Collected material -

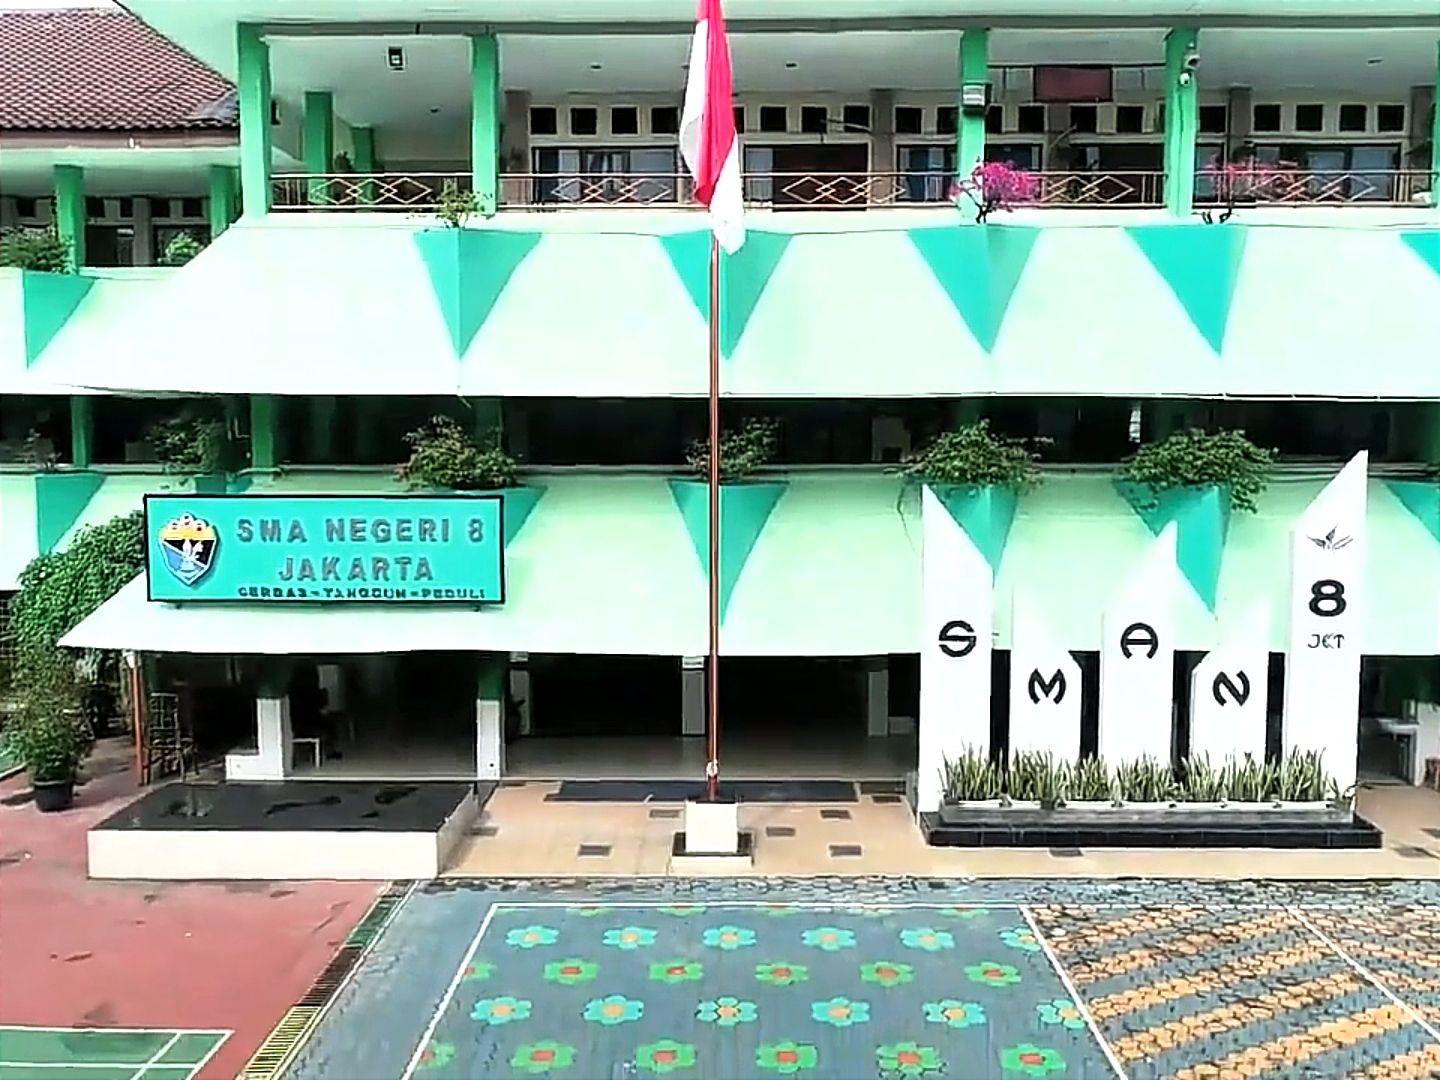 Daftar Sekolah SMA Terbaik DKI Jakarta, Ranking Teratas di Jakarta
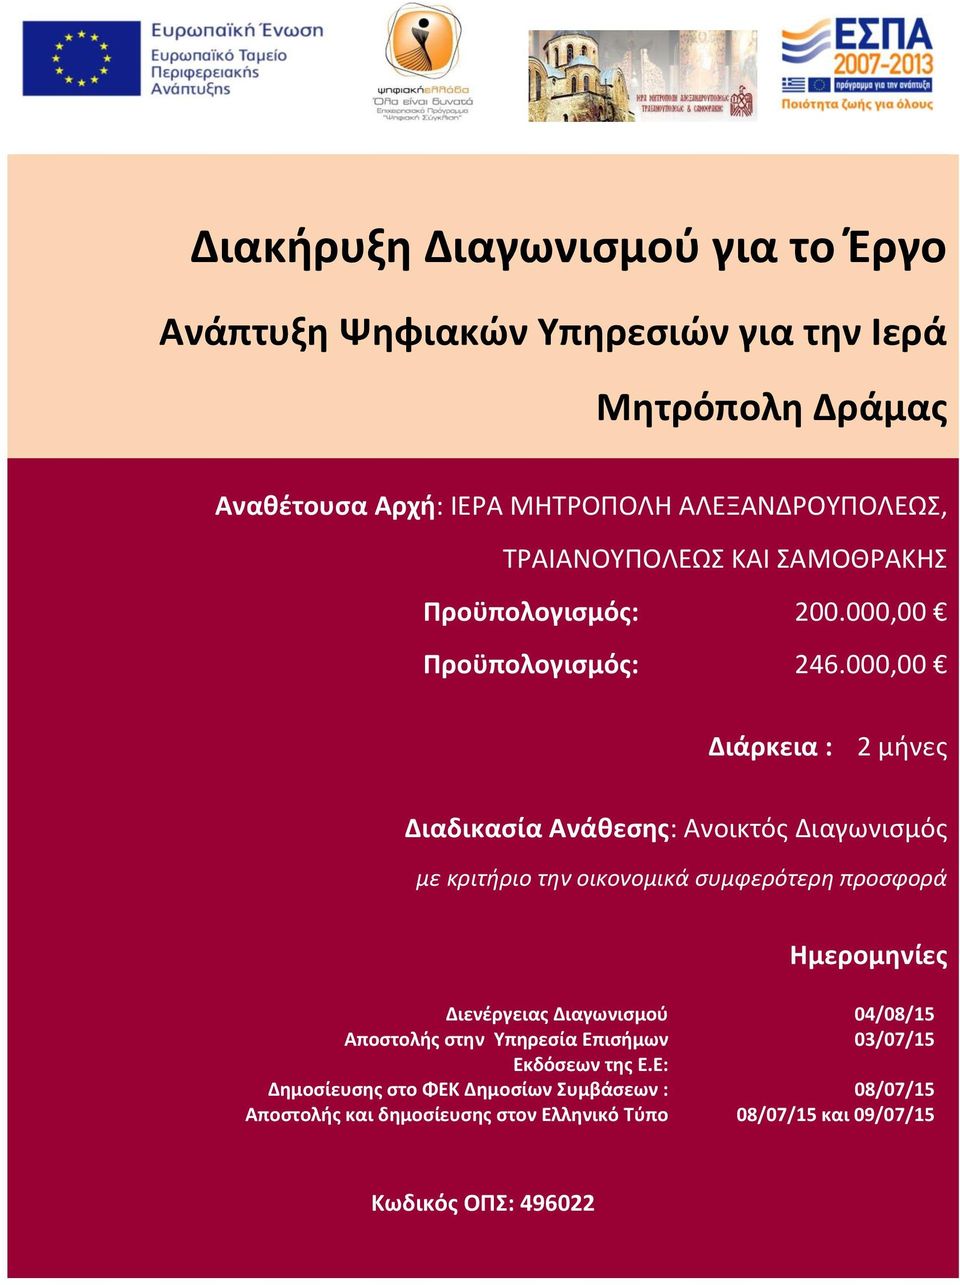 000,00 Διάρκεια : 2 μήνες Διαδικασία Ανάθεσης: Ανοικτός Διαγωνισμός με κριτήριο την οικονομικά συμφερότερη προσφορά Ημερομηνίες Διενέργειας
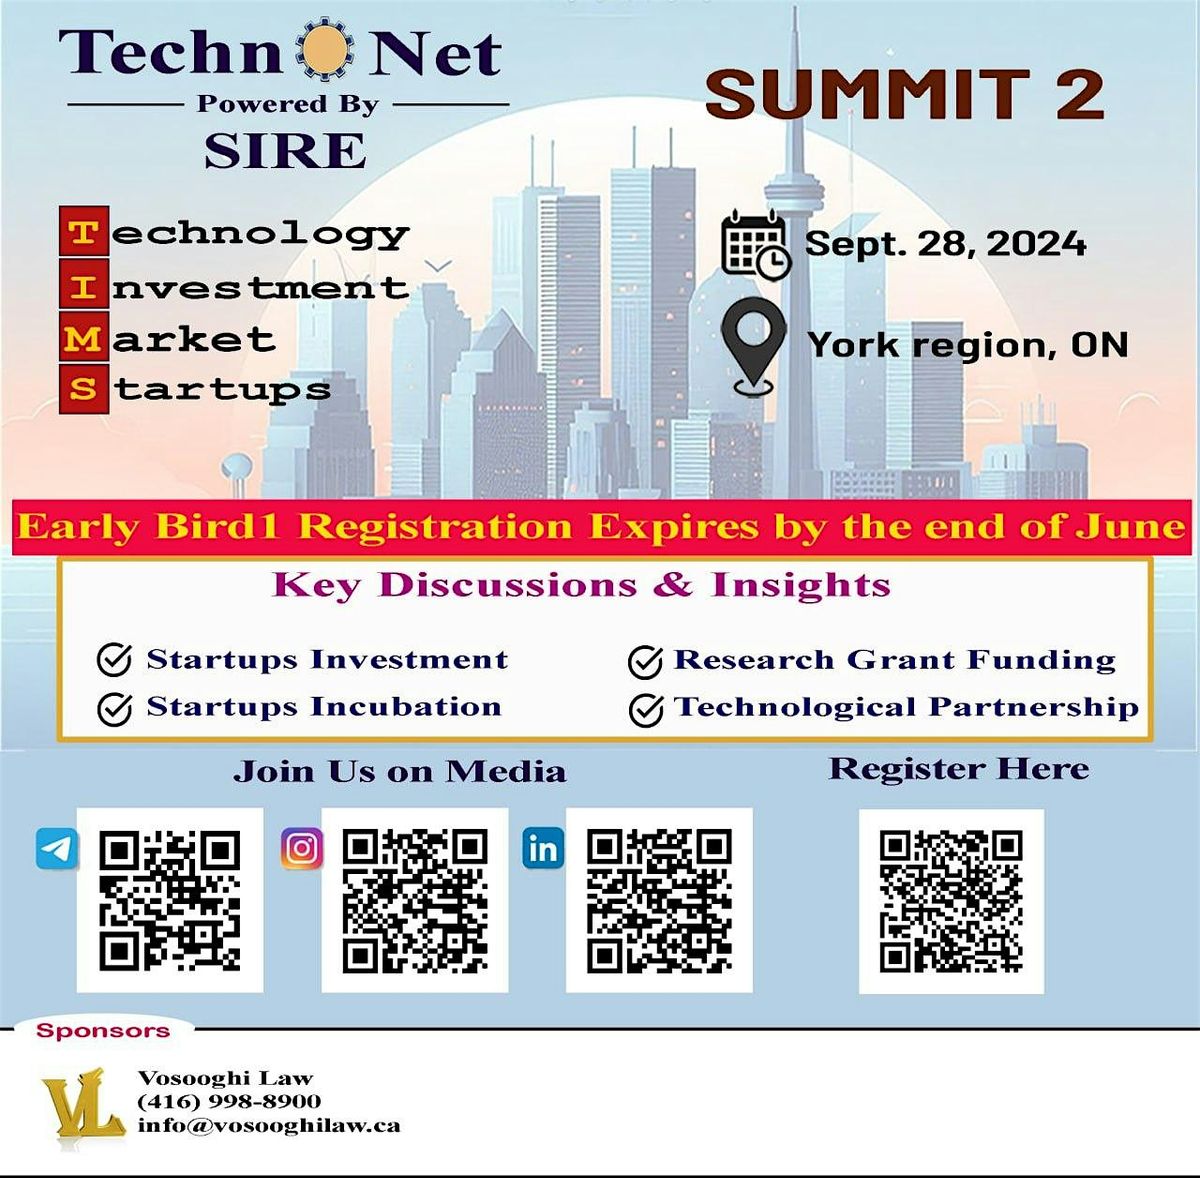 TechnoNet Summit#2

What you should do - Would you copy all the material exactly, dropping the pictures?

Result for this exercise -
 Daftar Sekolah SMA Terbaik DKI Jakarta, Ranking Teratas di Jakarta
 000,00 Διάρκεια : 2 μήνες Διαδικασία Ανάθεσης: Ανοικτός Διαγωνισμός με κριτήριο την οικονομικά συμφερότερη προσφορά Ημερομηνίες Διενέργειας
 TechnoNet Summit#2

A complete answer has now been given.